Barbecue is at the heart of the extensive menu. Beef brisket, pulled pork, St. Louis ribs, chicken, and sausage are all served with a drizzle of Bob’s famous sauce (original or bold) and the house pickles. You can even order beef burnt ends (when available) if a heavy char is your thing. A combo platter of two favorites and two sides is $21.
When the brisket is good I know I’m in the right place. Bobby Q’s was tender and smoky with just enough fat for a rich mouthfeel. Pulled pork, my other BBQ standard, was flavorful, porky, and moist with tender shreds and a few dark bits that had seen the fire.
Marsha’s half chicken ($12), with a color of burnished mahogany from its turn it the smoker, was moist and juicy inside. Each bite, both white and dark meat, was a mouthful of smoky flavor. I kept reaching across to snag a taste.

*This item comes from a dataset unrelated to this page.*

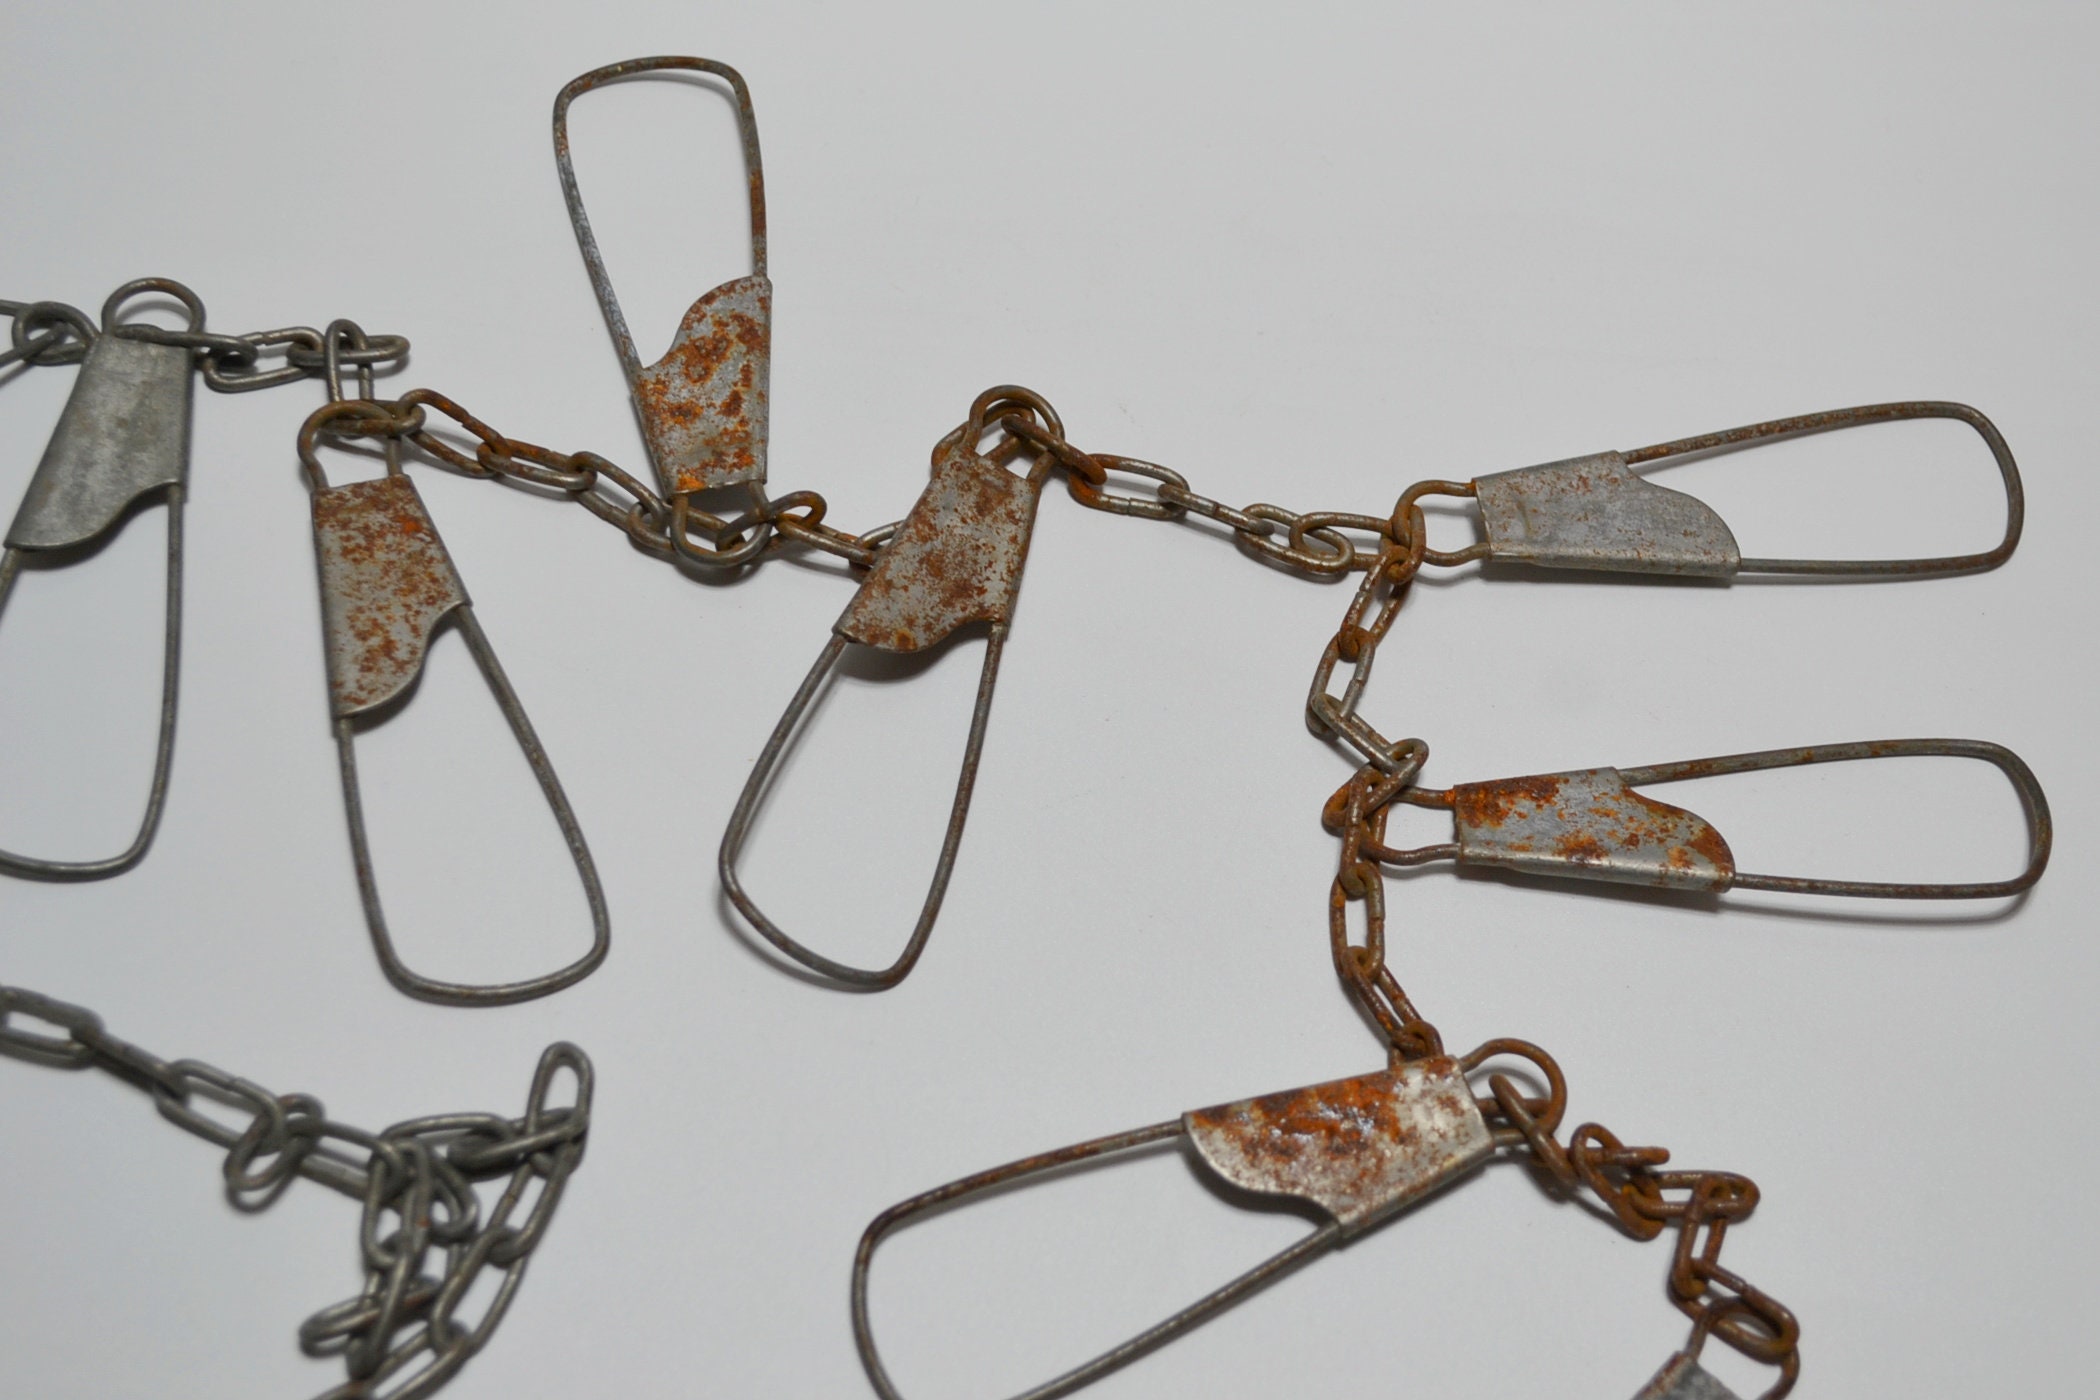 Vintage Rustic Metal Chain Fish Stringer Holder 9 Hooks Old

Our quartet of shared sides was a display of southern favorites. The collards ($4) were braised with bacon and cider vinegar and came with a little kick from hot sauce. Crunchy slaw (4) helped to cool the BBQ spice. Lightly-sweetened cornbread (3) came with a decidedly northern maple-bacon butter. Slow-cooked stone-ground grits (4) were finished with bacon and cheddar. (Two of the sides were included in my combo platter.)

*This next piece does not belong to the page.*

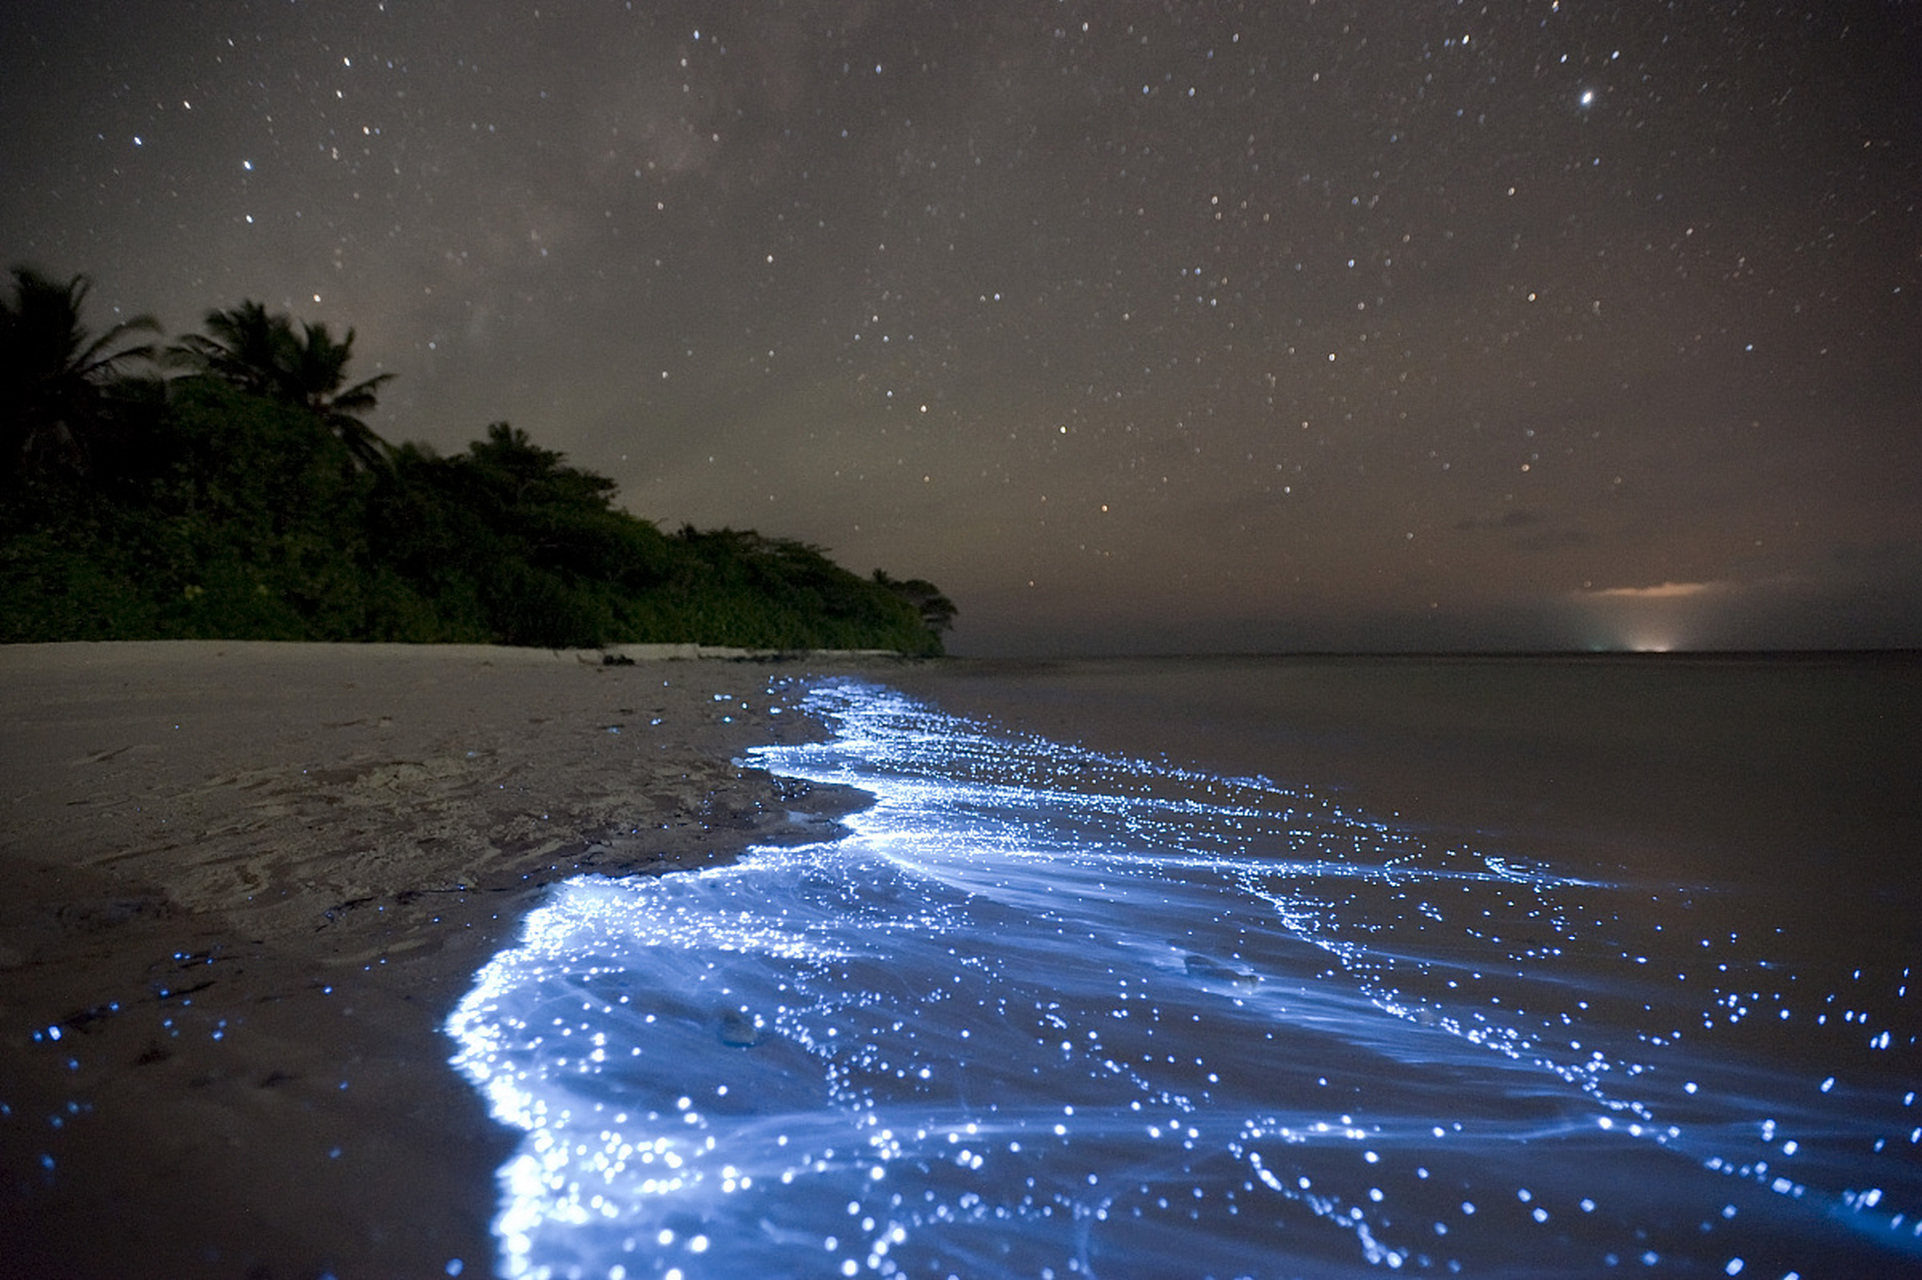 荧光海滩怎么形成图片

The barbecued meats also appear in a dozen tempting sandwiches like the big dipper with brisket, smoked portobello, sauteed onions and Swiss ($14). The McBobby has boneless baby back ribs that could take the mess out of eating ribs along with pickles and onion (12). The cowboy ruben pairs smoked brisket with slaw, Swiss, and remoulade sauce on grilled sourdough (14).
Pulled pork and brisket make guest appearances on flatbreads like the Taste of Charleston with fried green tomato and pimento cheese ($12). Brisket is matched with roasted poblano peppers, caramelized onions, and gruyere on the Austin city limits (12).
A dozen rotating taps dispense craft beers and cider. Twenty four bourbons and six rye whiskeys are available to wash it all down.
You know a good barbecue restaurant by the smoky aroma as you walk in the door. I once bought a hat in a BBQ restaurant that carried the sweet smoke aroma for months. On the menu at Bobby Q’s there’s an apology for the efficiency of their Smoke Eater system that filters out the aroma. Still, when you walk in, take a deep breath and you’ll know you’re in barbecue country.